The College of Intelligence Science and Technology, National University of Defense Technology, Changsha 410073, China.
Sensors (Basel). 2020 Oct 1;20(19):5626. doi: 10.3390/s20195626.
Autonomous driving with artificial intelligence technology has been viewed as promising for autonomous vehicles hitting the road in the near future.
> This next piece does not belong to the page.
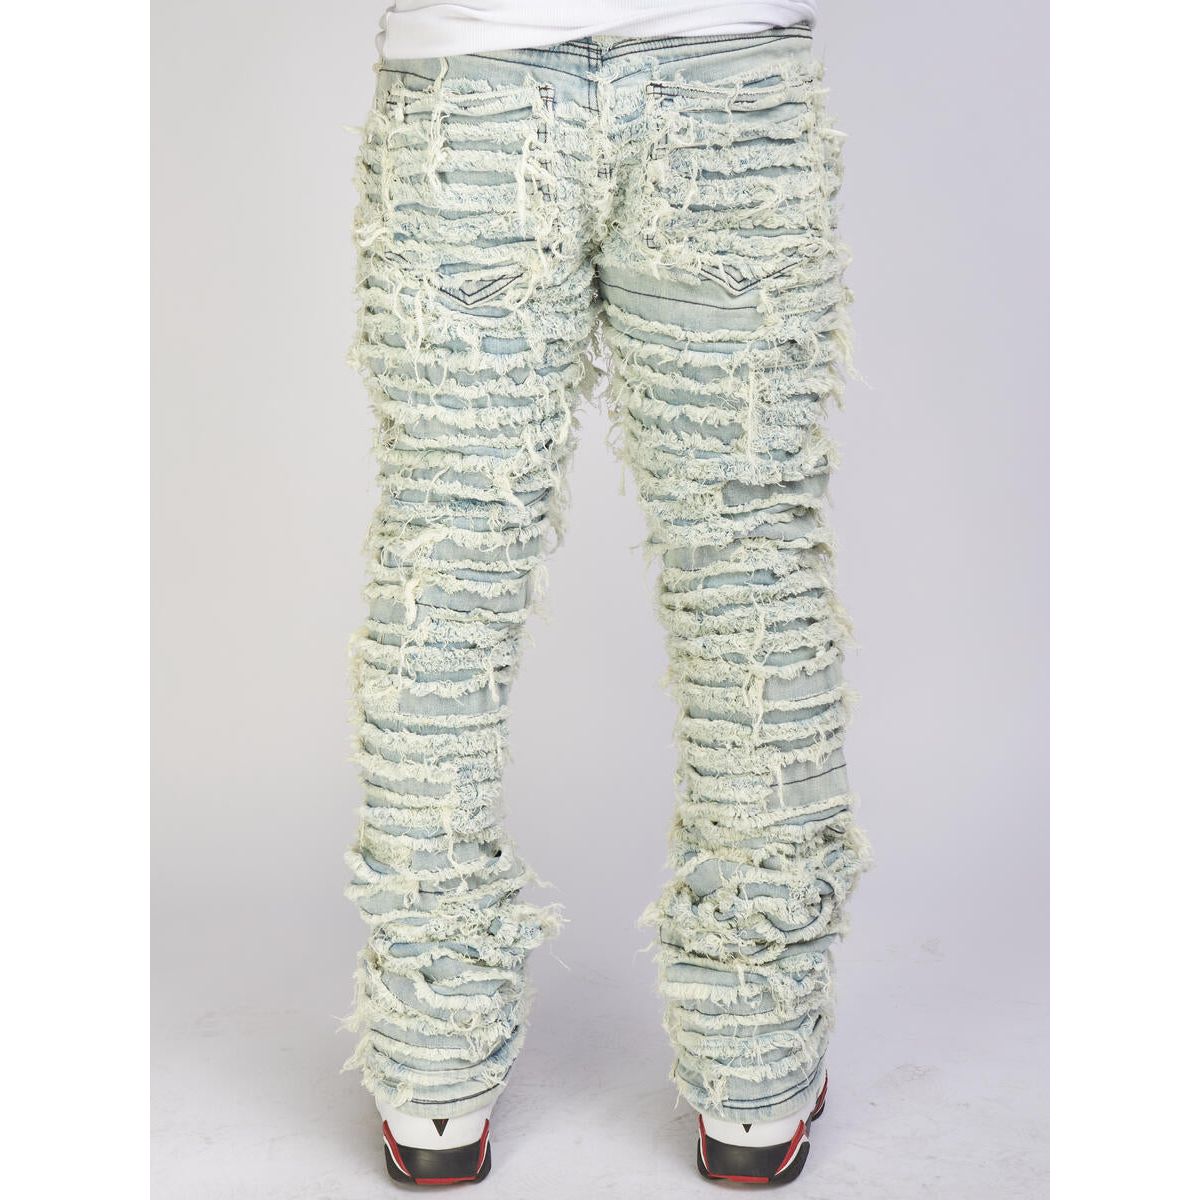 Politics Jeans Lightest Blue Thrashed Distressed Stacked Flare (Debris511)

In recent years, considerable progress has been made with Deep Reinforcement Learnings (DRLs) for realizing end-to-end autonomous driving. Still, driving safely and comfortably in real dynamic scenarios with DRL is nontrivial due to the reward functions being typically pre-defined with expertise. This paper proposes a human-in-the-loop DRL algorithm for learning personalized autonomous driving behavior in a progressive learning way. Specifically, a progressively optimized reward function (PORF) learning model is built and integrated into the Deep Deterministic Policy Gradient (DDPG) framework, which is called PORF-DDPG in this paper. PORF consists of two parts: the first part of the PORF is a pre-defined typical reward function on the system state, the second part is modeled as a Deep Neural Network (DNN) for representing driving adjusting intention by the human observer, which is the main contribution of this paper. The DNN-based reward model is progressively learned using the front-view images as the input and via active human supervision and intervention. The proposed approach is potentially useful for driving in dynamic constrained scenarios when dangerous collision events might occur frequently with classic DRLs. The experimental results show that the proposed autonomous driving behavior learning method exhibits online learning capability and environmental adaptability.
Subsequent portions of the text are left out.